#### DATASET SECTION

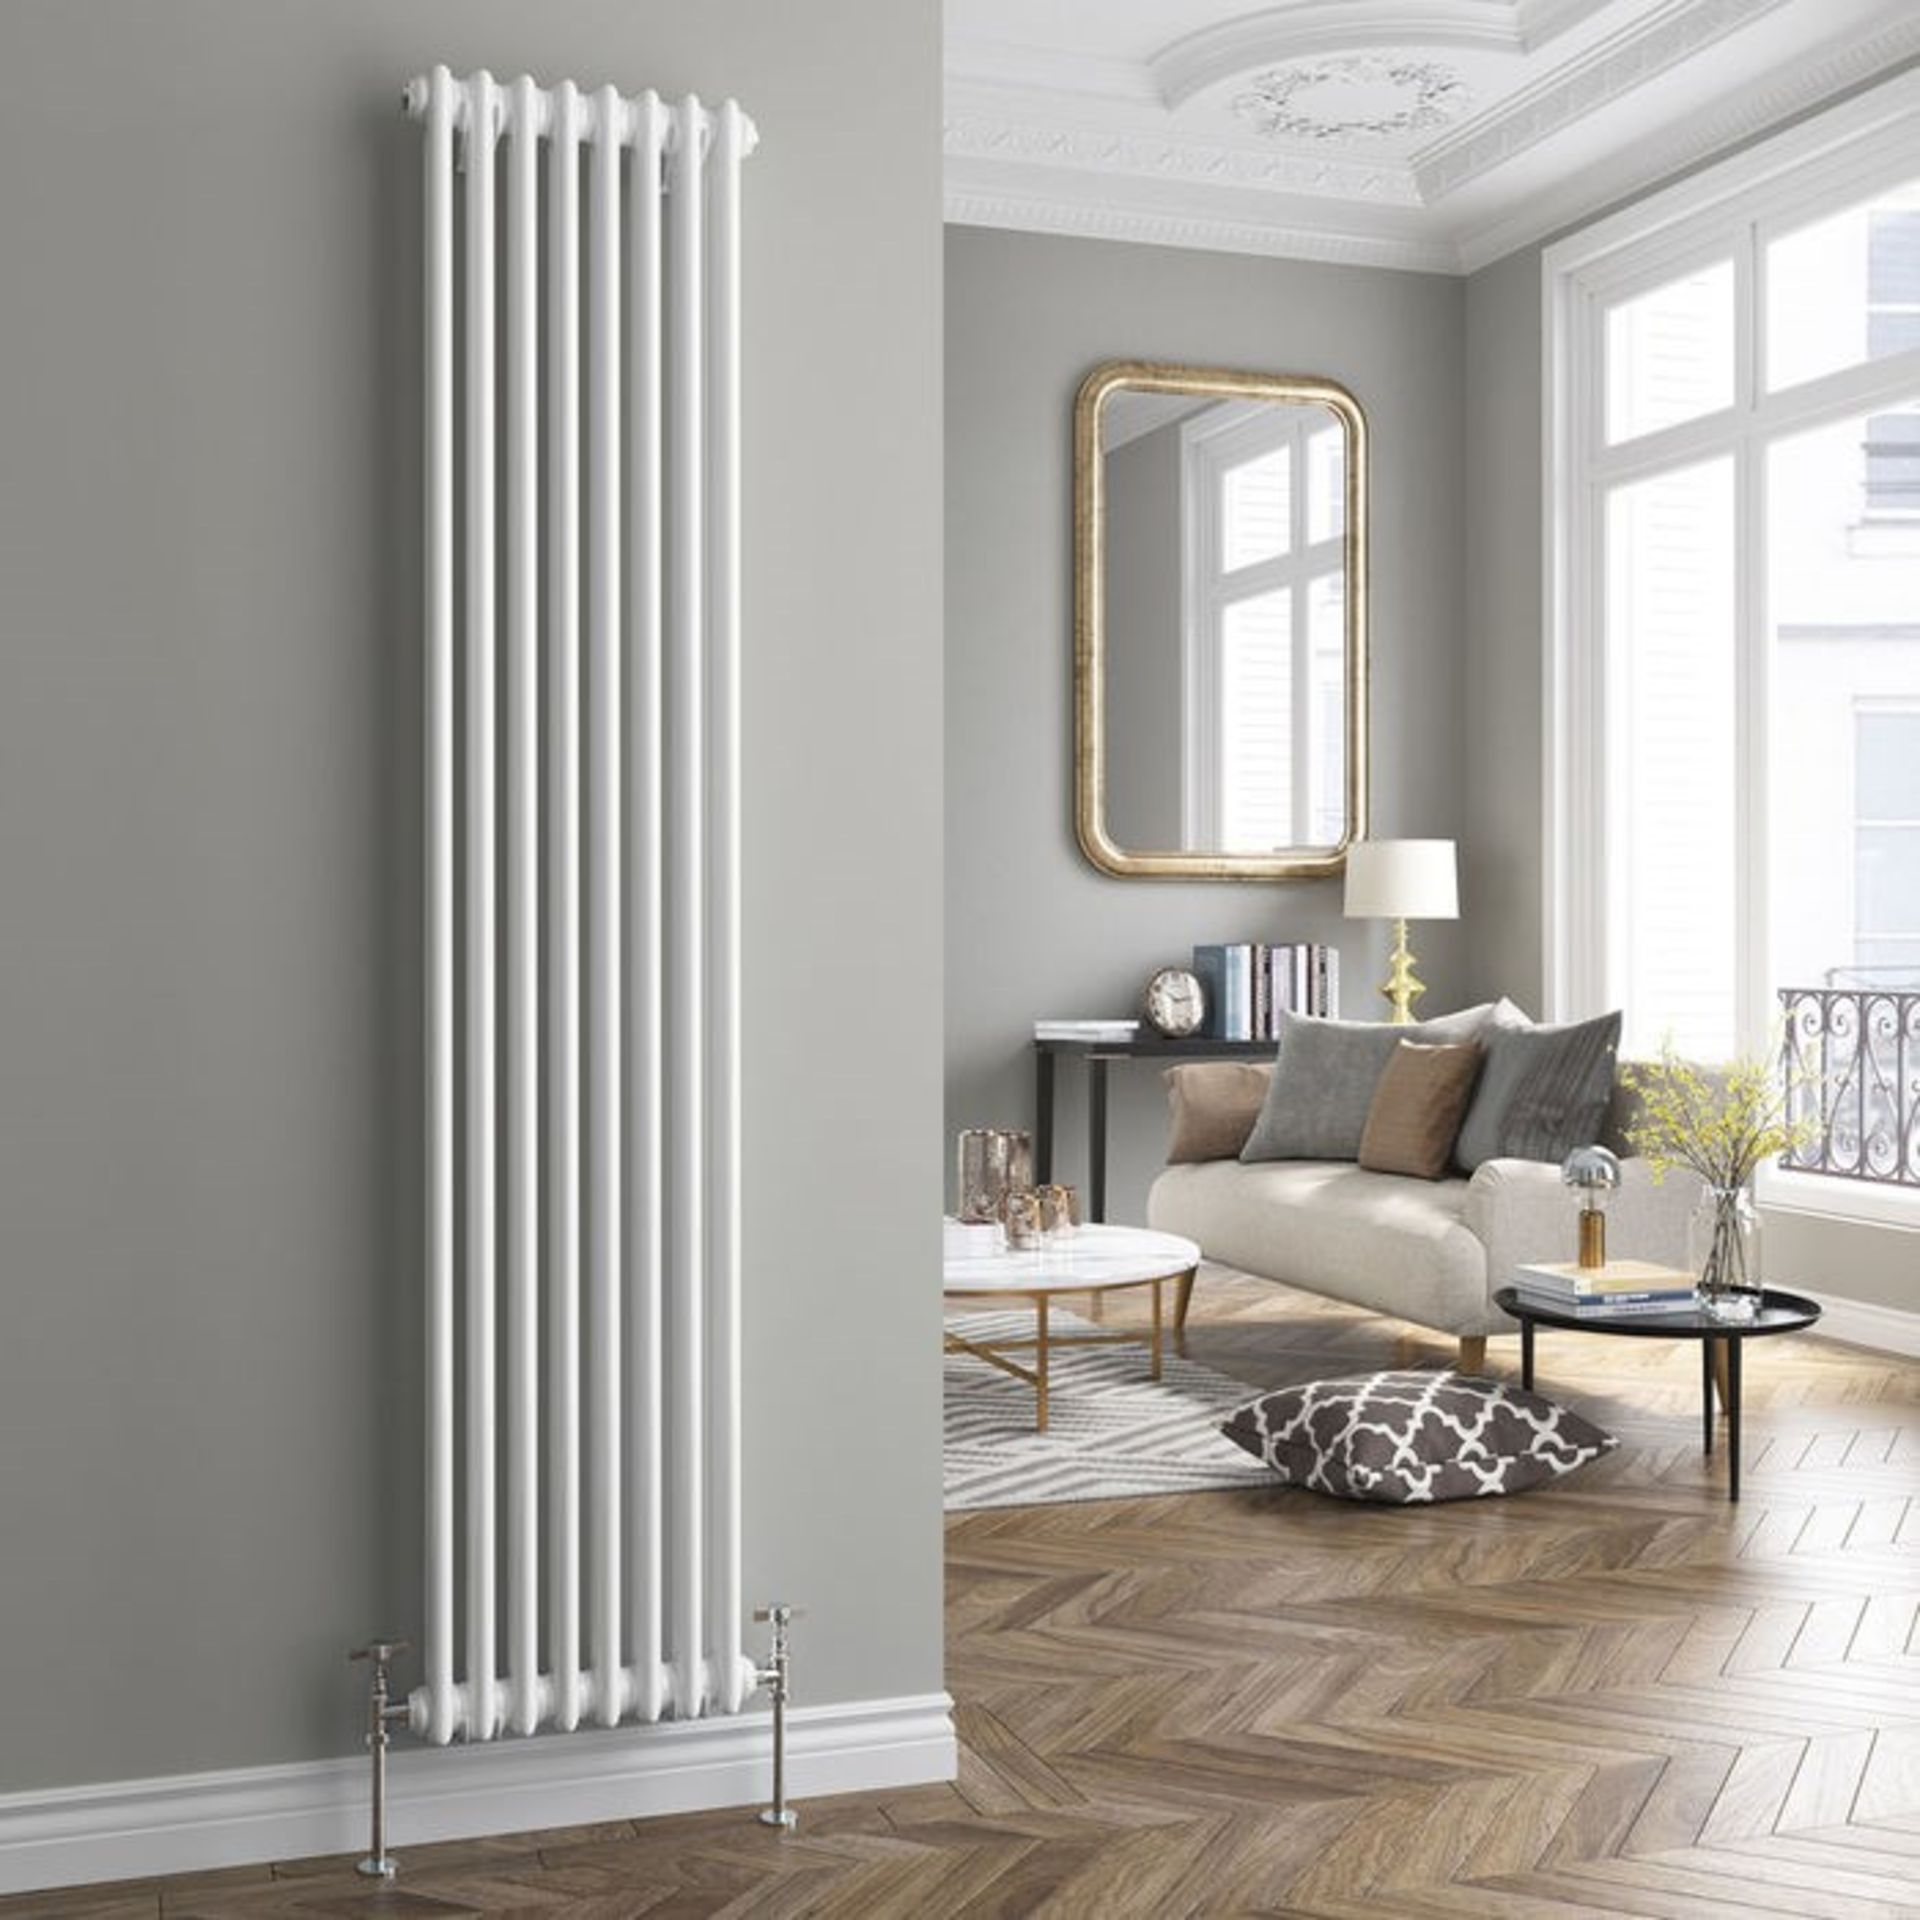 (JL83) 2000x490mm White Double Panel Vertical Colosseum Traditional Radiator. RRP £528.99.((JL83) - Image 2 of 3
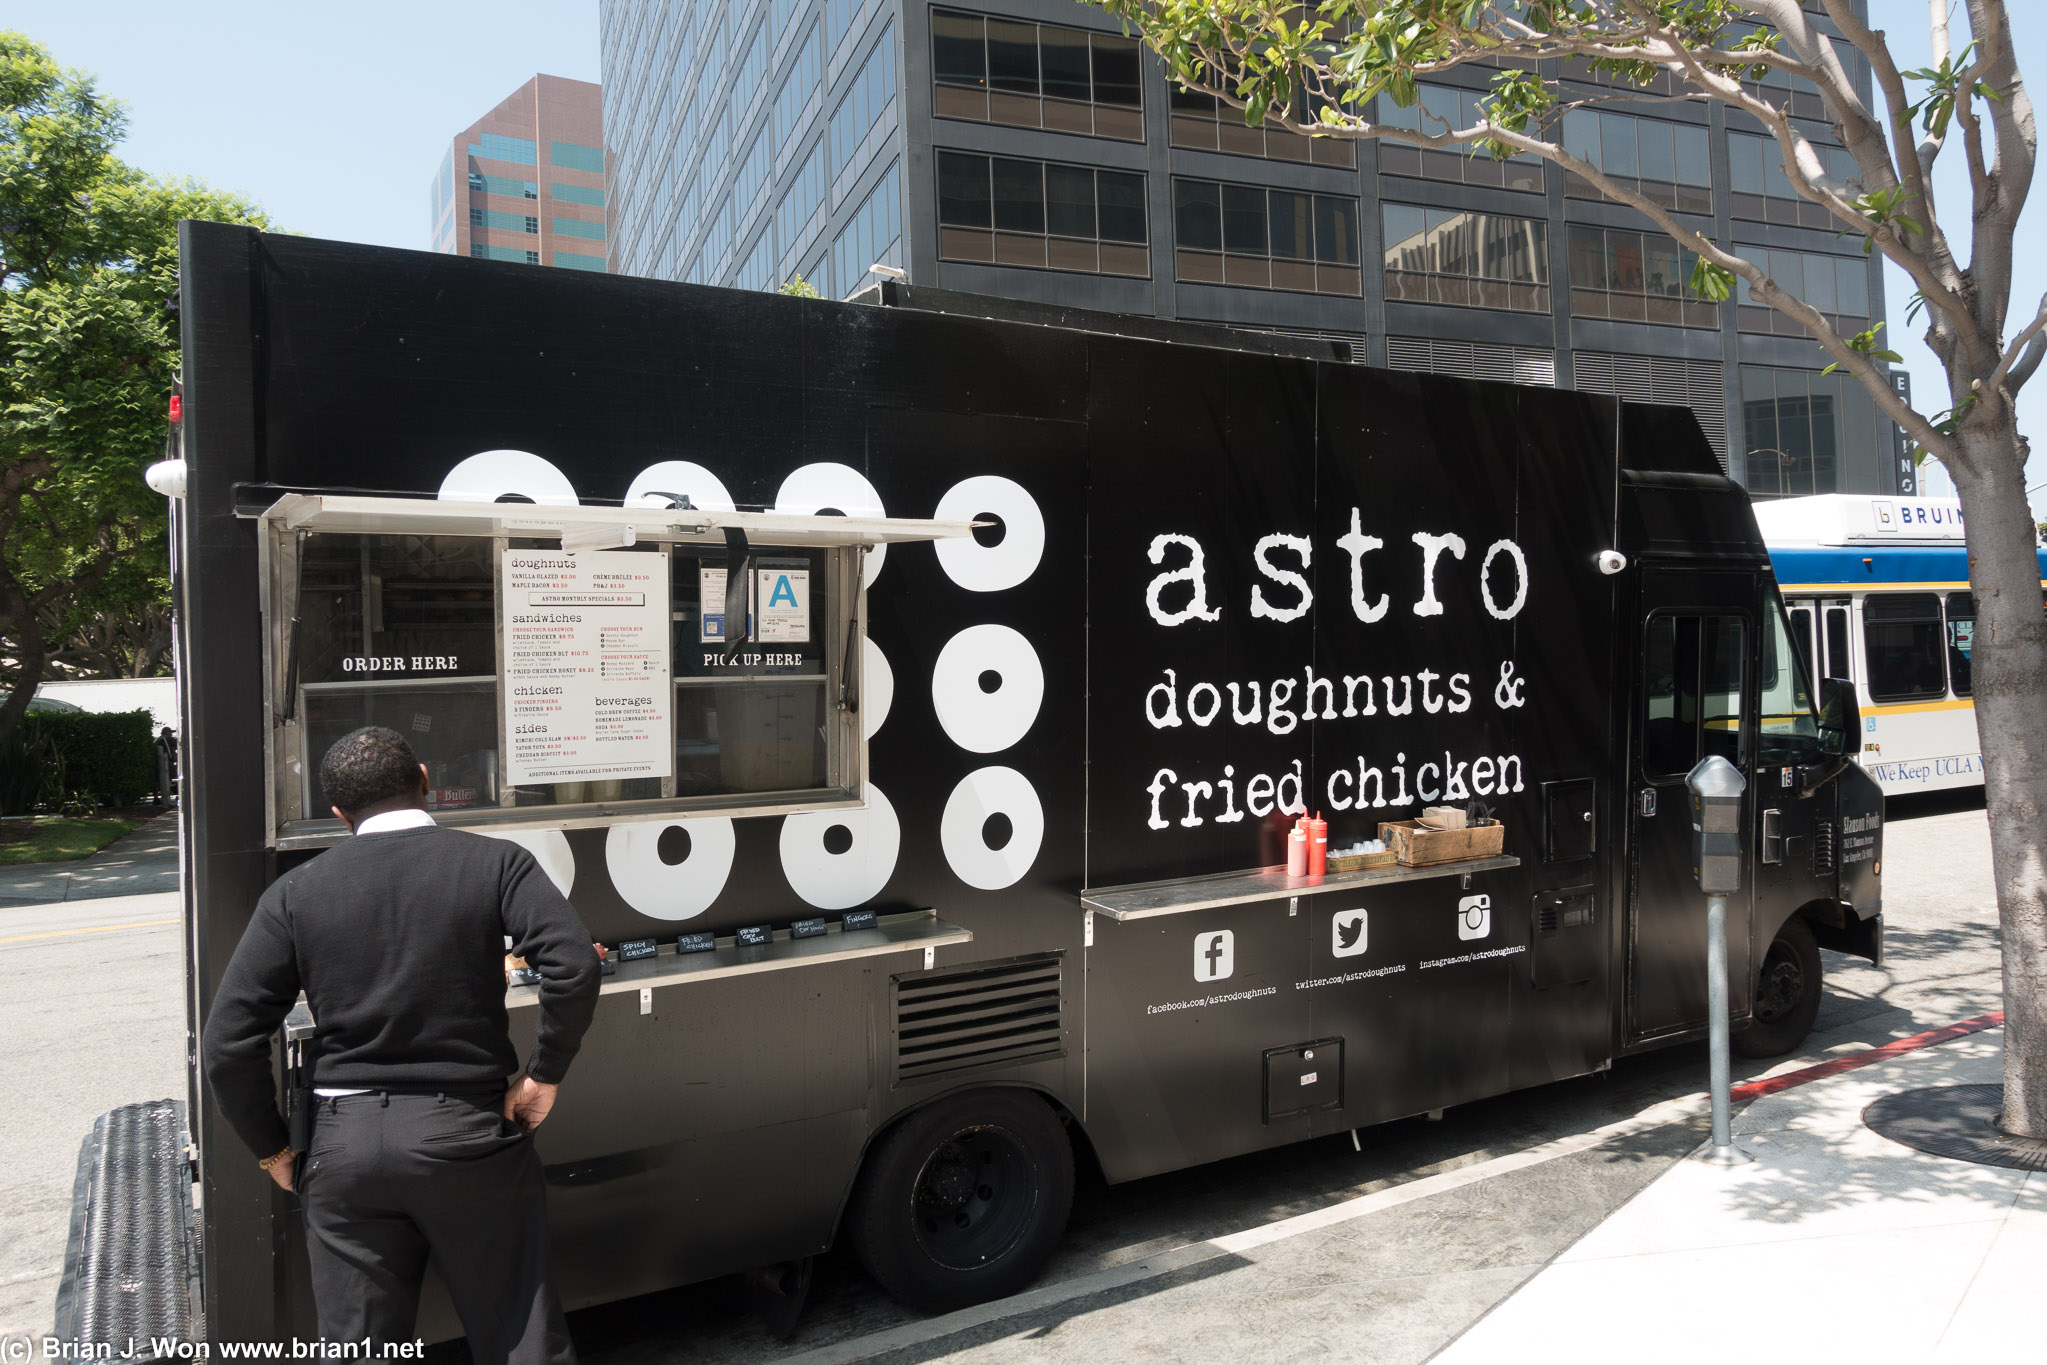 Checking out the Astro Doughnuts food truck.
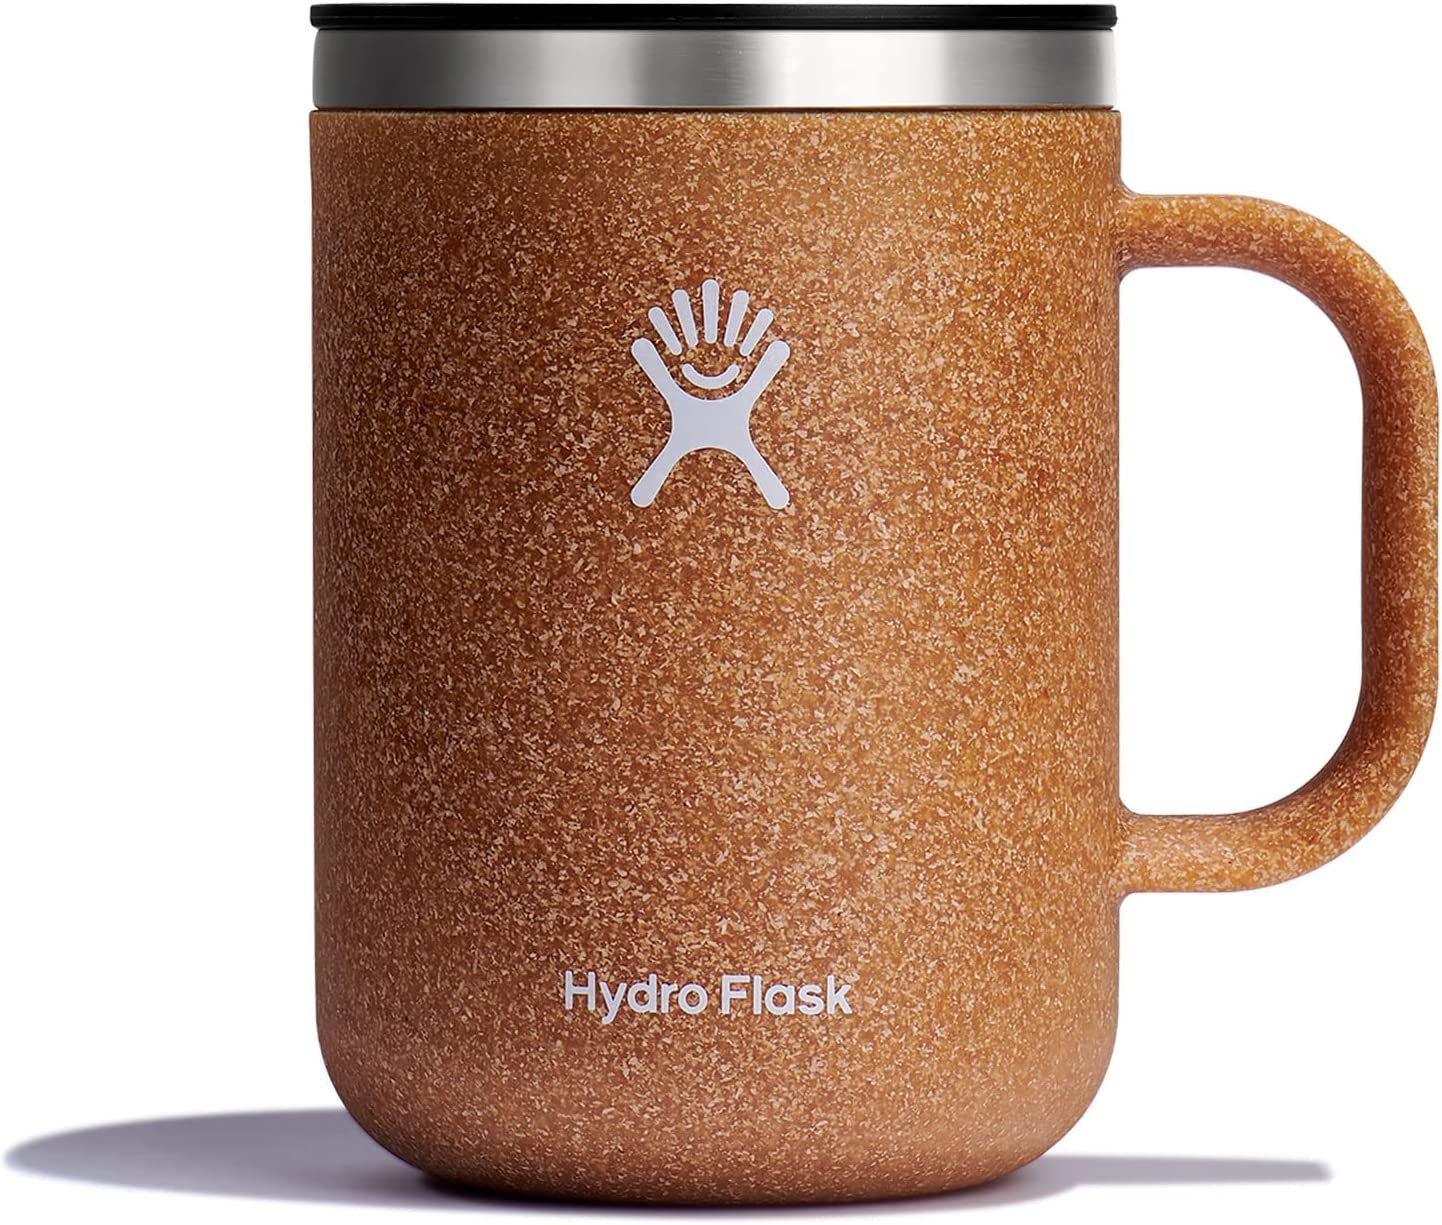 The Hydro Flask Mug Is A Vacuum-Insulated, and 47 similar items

#### WHAT YOU ARE ASKED TO DO
Across the whole listing, reproduce each line verbatim and exclude every picture.

#### COMPLETED TASK
 (JL83) 2000x490mm White Double Panel Vertical Colosseum Traditional Radiator. RRP £528.99.((JL83) - Image 2 of 3
 Checking out the Astro Doughnuts food truck.
 The Hydro Flask Mug Is A Vacuum-Insulated, and 47 similar items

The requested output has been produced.